WHAT YOU NEED TO DO: The line with "Material: Cotton" and each line following it, up to the final line of the data, should be set down exactly; pictures stay out.

====

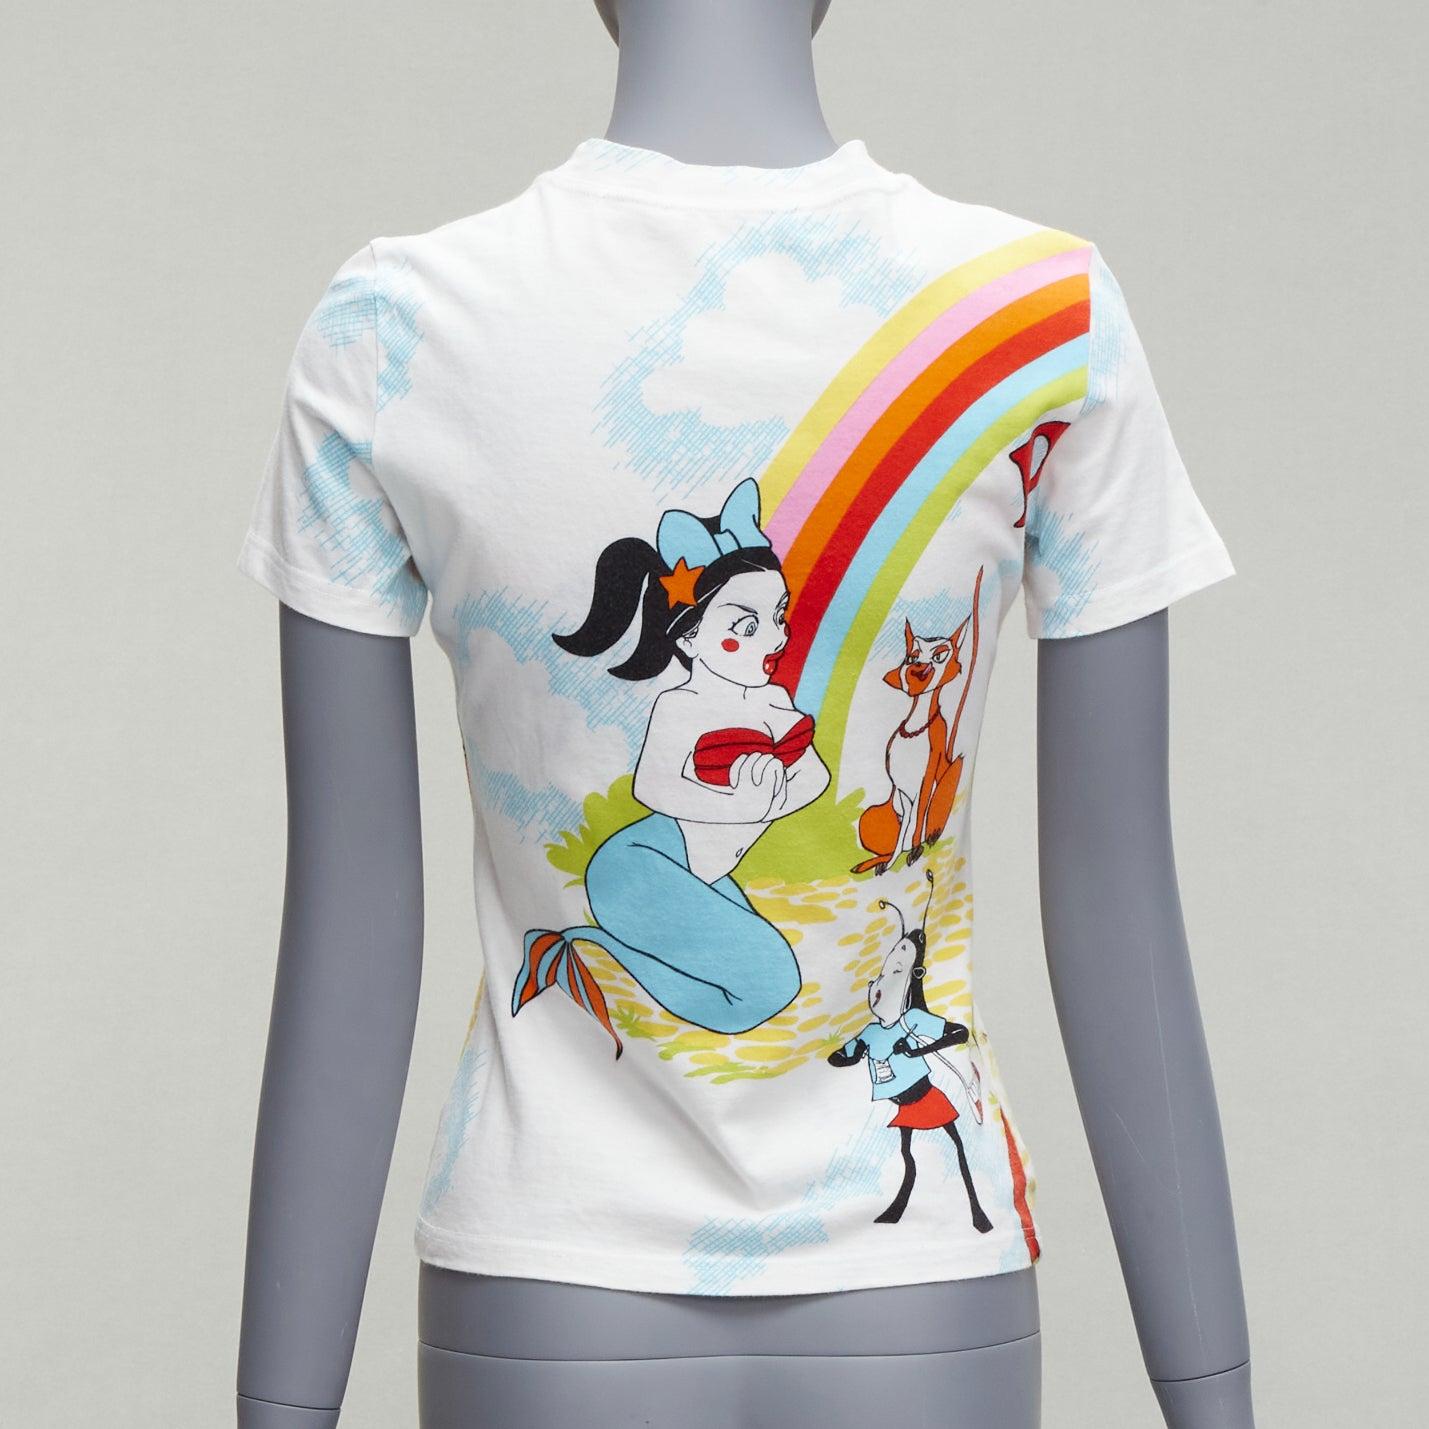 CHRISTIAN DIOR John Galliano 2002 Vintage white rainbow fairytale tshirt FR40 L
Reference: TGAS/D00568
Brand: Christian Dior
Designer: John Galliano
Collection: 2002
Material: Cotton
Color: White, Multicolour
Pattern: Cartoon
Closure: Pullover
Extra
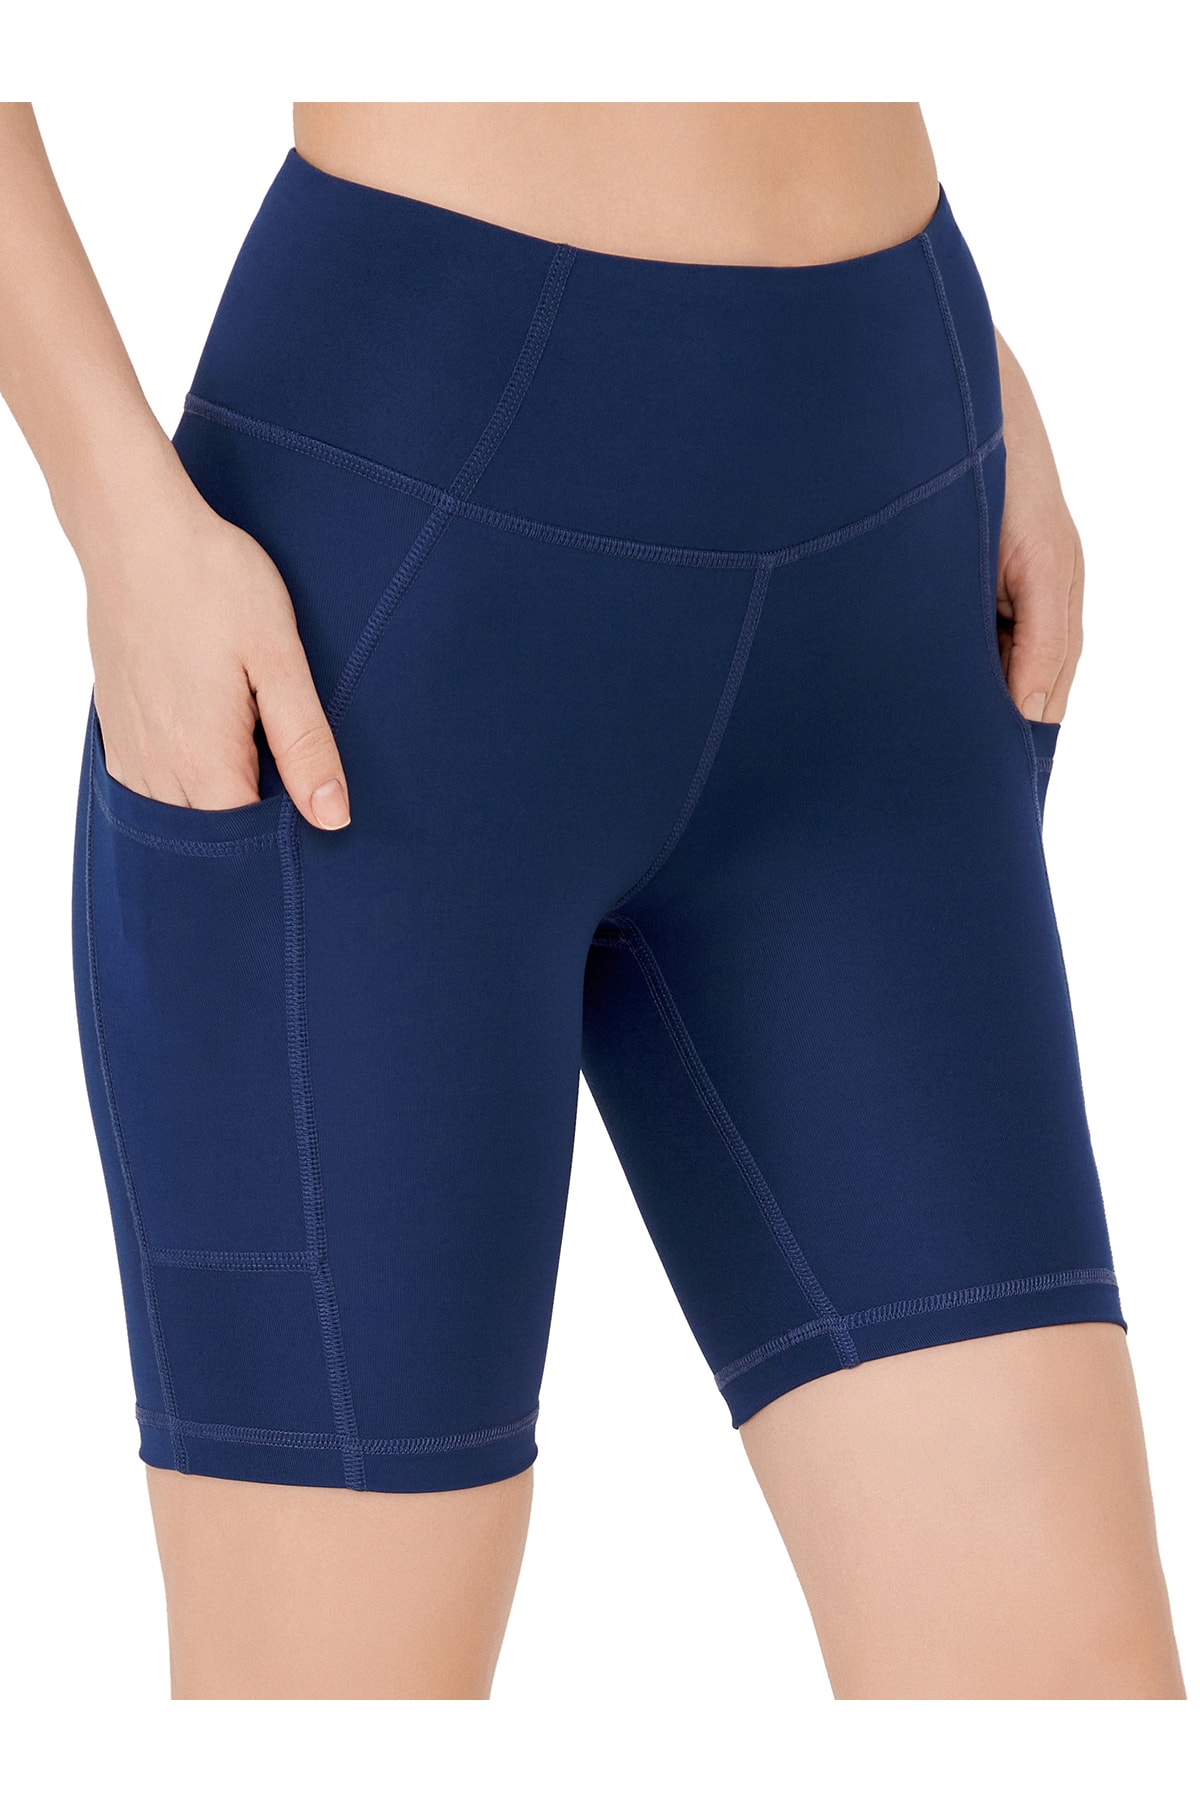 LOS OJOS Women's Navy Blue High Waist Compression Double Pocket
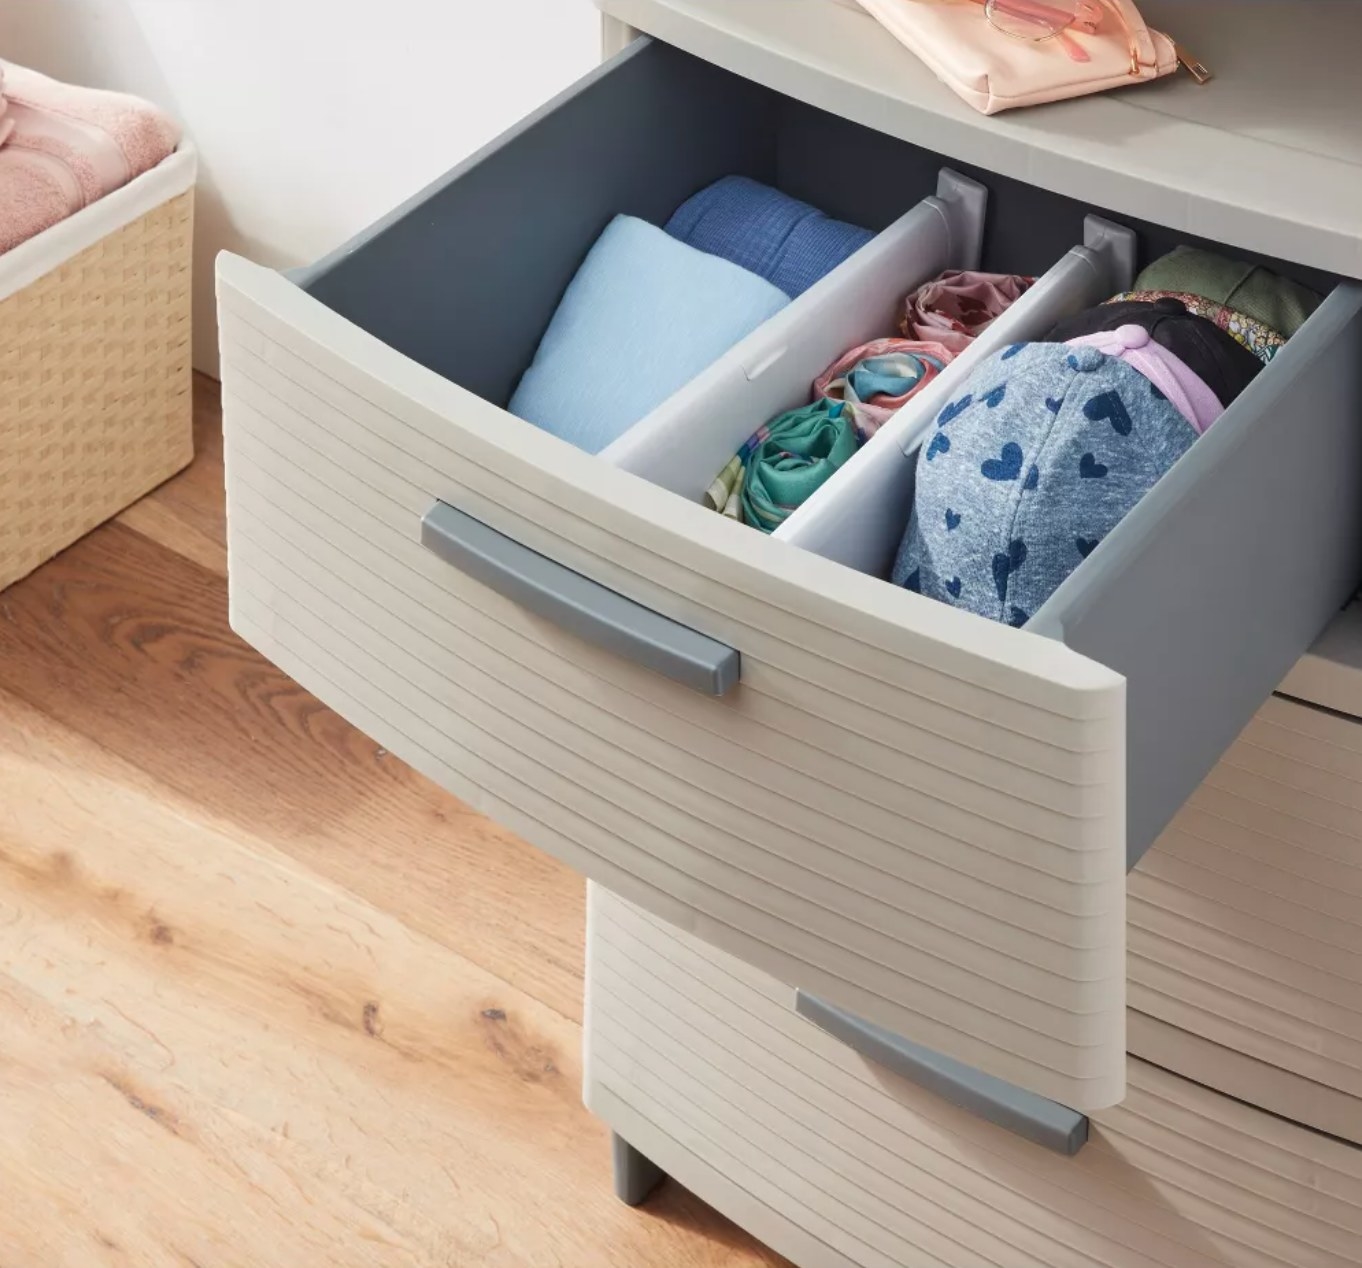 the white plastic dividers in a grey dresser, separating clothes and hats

====

RESULT BELOW:
Material: Cotton
Color: White, Multicolour
Pattern: Cartoon
Closure: Pullover
Extra
 LOS OJOS Women's Navy Blue High Waist Compression Double Pocket
 the white plastic dividers in a grey dresser, separating clothes and hats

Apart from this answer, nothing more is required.